Джон почувствовал, как его губы изогнулись в улыбке.

— Выше нос, — пробормотал он и вывел их из богорощи.

***

После того как их короновали в септе, они вернулись в Красный Замок на пир.

Джон уже сильно устал от толпы. Он просто хотел вернуться в свои покои и как следует отоспаться, абстрагировавшись от криков и вони, но нет — он был Королем, и он должен был остаться.

— Я никогда не видел, чтобы Король был таким мрачным на собственном пиру, — услышал он чей-то голос, прежде чем Оберин Мартелл опустился рядом с ним. Джон позволил тени упасть на свое лицо. — Вы так недовольны сменой власти, Ваша Светлость?

Джон проигнорировал легкую насмешку.

— Только не говорите мне, что вам и правда нравится весь этот шум. — Он махнул рукой на разукрашенного в пурпурный цвет человека, который пытался проглотить меч. Мгновение спустя мужчина поджег свой меч, и Джон почувствовал, как его лицо исказилось от нелепого интереса. — Небольшой банкет был бы куда приятнее, и не был бы такой тратой денег.

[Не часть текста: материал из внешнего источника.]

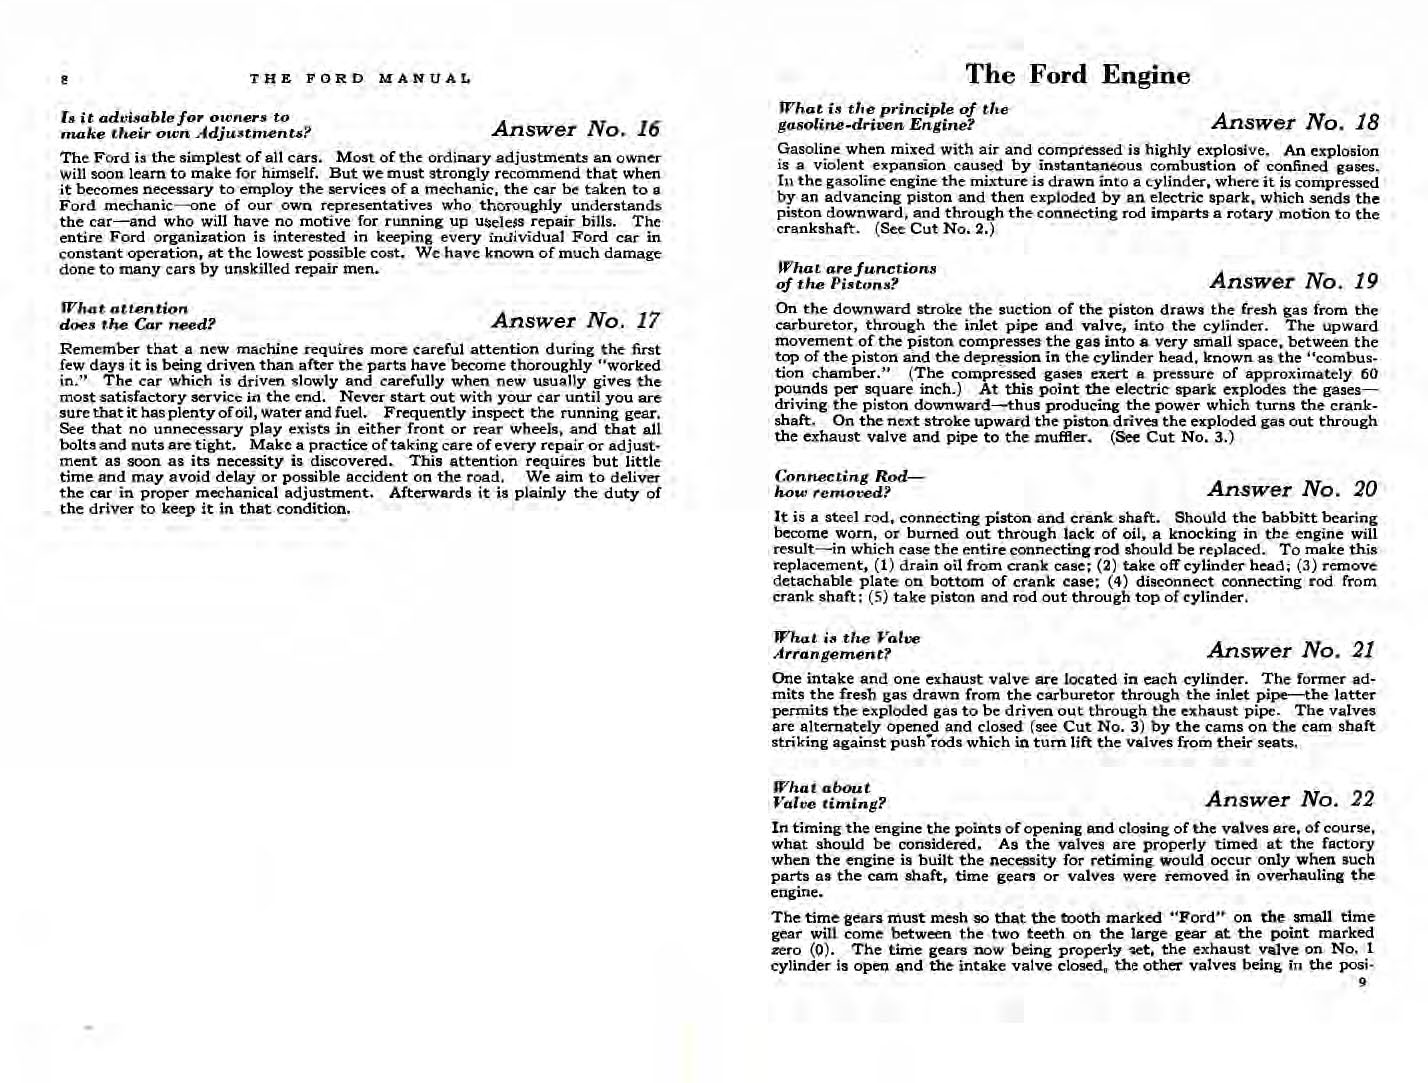 1922_Ford_Manual-08-09

— Тогда вы бы поладили со Станнисом Баратеоном, — ответил Оберин, жадно глотая вино. — Этот человек ненавидел все, что могло показаться хоть немного легкомысленным.

Вот только Станнис, судя по слухам, не очень-то любил свою жену. Я же хочу запереться в своей комнате только из-за своей жены.

Возможно, это бледное платье и выглядело невзрачным в богороще, но под ярким солнцем она выглядела как богиня, спустившаяся на землю. Джон действительно хотел затащить её в спальню и не отпускать дня три.

— Возможно, — сказал Джон, пожимая плечами.

Но Оберин не уходил.

— По слухам, вы с Королевой Сансой не ссоритесь. — Он подмигнул. — Скажите, как вам это удается? Мои подданные хотели бы узнать этот секрет.

— Я уважаю её, — решительно ответил Джон. — Мы разговариваем, Принц Оберин. Мне жаль, если ваши подданные не знают таких простых вещей.

Оберин усмехнулся во весь рот.

— Значит, вы тот, кто приносит себя в жертву. Когда же этого станет слишком мало, Ваша Светлость? Как много вы можете пожертвовать? Вы взяли её фамилию, получили свой титул благодаря ей — что еще вы получите из-за нее?

Санса сказала, что ей понравился Оберин, а значит, он не задавал ей таких дерзких вопросов. Джон был даже рад этому, потому что ей и так хватало забот. Лучше бы ему самому пресечь это поведение в зародыше, прямо сейчас.

— Когда я стоял под кроной чардрева и женился на Сансе, я поклялся отдать ей все, что у меня есть, — сказал он, — и она поклялась сделать то же самое. Мы Старки, Принц Оберин, и мы держим свои клятвы. Я принадлежу ей, а она — мне, и ни имя, ни корона, ни титул не изменят этого. Это простая истина.

— Значит, тебя не волнует, что она заставила тебя стоять во время собрания? — с любопытством спросил он.

— Стоять?

— Она не предложила тебе стул.

Джон почувствовал, как его губы дернулись, почти против его воли.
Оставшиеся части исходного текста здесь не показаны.